The text resonated in people’s heads, explains Ana, who is an architect. Activist groups, anonymous people who already knew that it had not been ETA, who wanted to express their discontent after the murder of 191 people, but the day of reflection restricted the movements. That call opened the door to confront what they considered a misinformation campaign on the streets.

From the networks, then understanding SMS and email, a movement began “from below” that demonstrated that citizens could organize themselves through these means outside of power, but that was based on a previous foundation of leftist movements. Guillermo López, professor of Journalism at the University of Valencia, points out that what happened on March 13, those large concentrations in Madrid, Barcelona and other Spanish cities, was not born out of nowhere but from this activism that had been brewing especially with the protests against the Iraq war, and also for the Prestige, where demonstrations were called between activist groups through SMS. It was not a movement induced by the parties, he points out, but it was politicized.

The 13-M, explains the professor, was a precursor to how the Internet later changed the way of mobilizing and obtaining information. He opened the possibility of people breaking into public space without it being planned. Guillermo López attended the protests that took place in Valencia. There were, he says, very diverse people. I’m sure there were also political party activists, but it was not a hierarchical movement. He himself had a weblog where he debated the attack, the authorship, the information that the Government gave and did not give. There was also a feedback of this movement formed from below with the information that the media was giving.

In 2004, political parties turned their backs on the Internet, although 25% of citizens already used this tool. Víctor Sampedro, professor of Political Communication at the Rey Juan Carlos University, has analyzed in the book 13M: Multitudes online, the impact of that day, described as the first event of a techno-political nature in Spain. The result seven years later, he says, was the success of 15-M, where the communication went from 1 1 of that day in 2004 with SMS, to 1 100 thanks to social networks.

But from that first moment in which communication was “counterhegemonic,” he points out, it moves from the periphery to the political system.
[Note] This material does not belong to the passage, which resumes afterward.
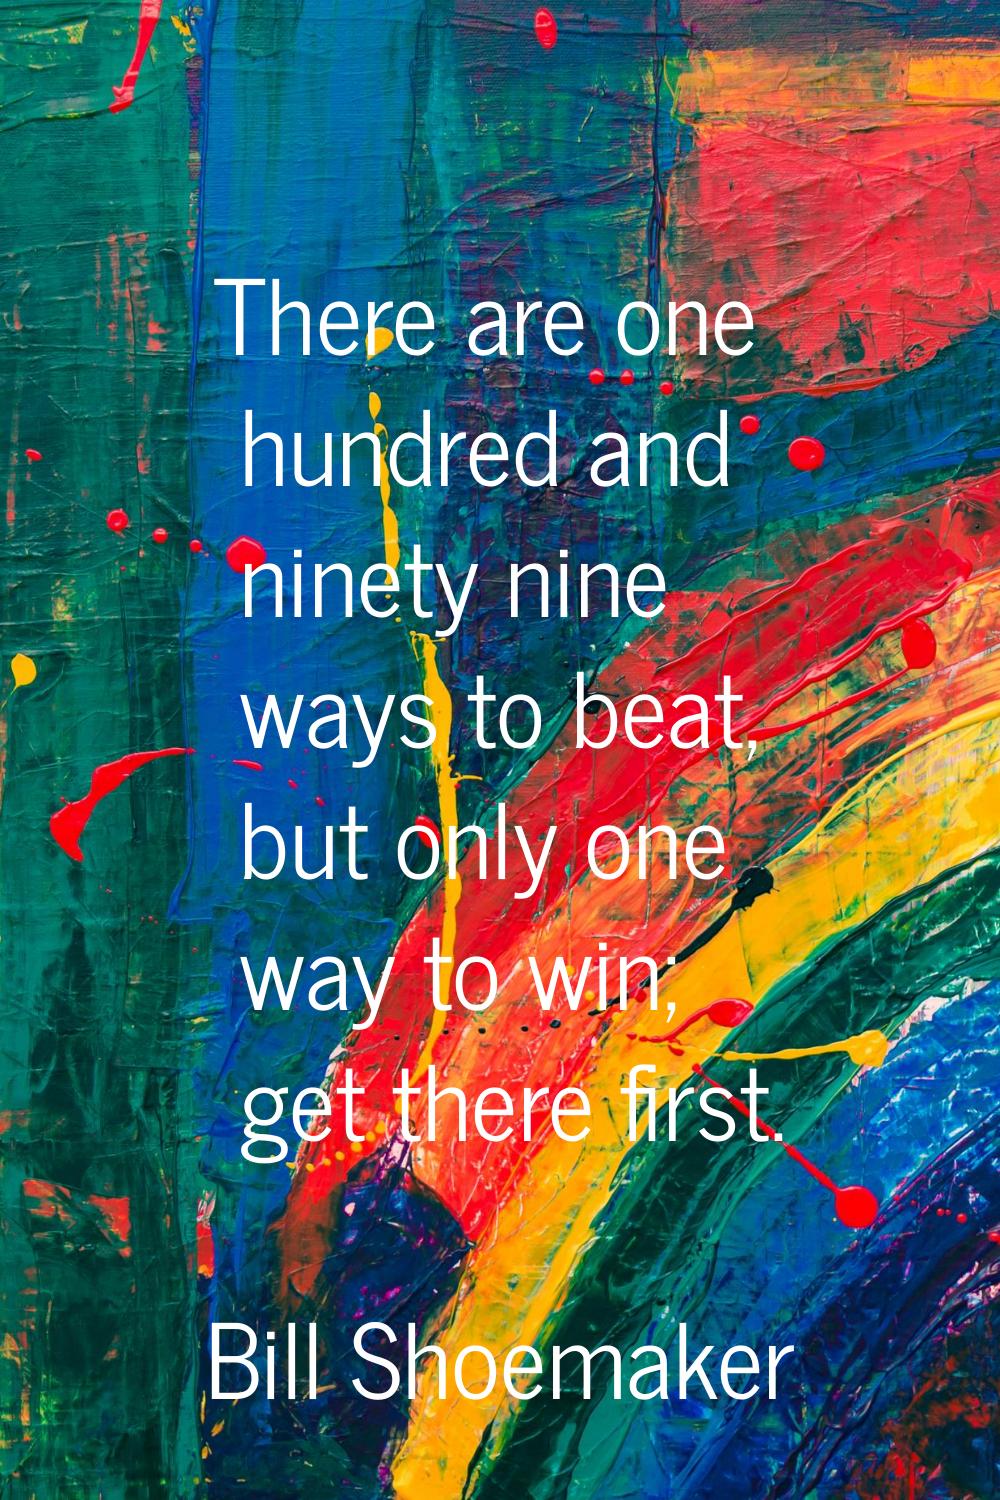 There are one hundred and ninety nine ways to beat, but only one way to win; get there first.

From the use of networks initially from the social left until a few years ago also from the right and the ultra-right.

The first elections in Spain where communication on networks played a fundamental role were those of 2015, with the emergence of Pablo Iglesias and Podemos. In addition to television, professor Guillermo López recalls, Iglesias had made his way on social networks. But in a global view, he points out, 13-M was the only unregulated movement, from below. Even in 15-M there were important organized groups.

Ana left the subway at six in the afternoon. There weren’t many people yet, but Génova Street was filling up. This architect, who had participated above all in the V for Housing mobilizations – for decent housing – met with her colleagues. There was a need, she explains, to be physically present, to occupy public space. “As the street filled, an electrifying energy grew,” she recalls.

You cannot read that reaction of 13-M without paying attention to the communication policy of those two days of the Aznar Government. Gabriel Colomé, professor of Political Science at the Autonomous University of Barcelona, ??points out that that communication strategy that wanted to maintain the authorship of ETA “was enraging the citizens, and led the Executive to disaster.” A criterion from the “black and white” era was applied on public television when the international media were already targeting Al Qaeda.

It was also a mistake, he explains, that the Government opted for the Minister of the Interior (Ángel Acebes) as spokesperson, and therefore without a “fuse” to turn back informationally. A strategy that culminates, Colomé recalls, with Mariano Rajoy’s television appearance while the protests were taking place on Génova Street. An appearance in which he describes them as illegal and undemocratic in a gesture, says the professor, that legitimized them.

From March 11 to the 14th, 3 million voters moved. That written in an SMS “Aznar de rositas?” changed many things.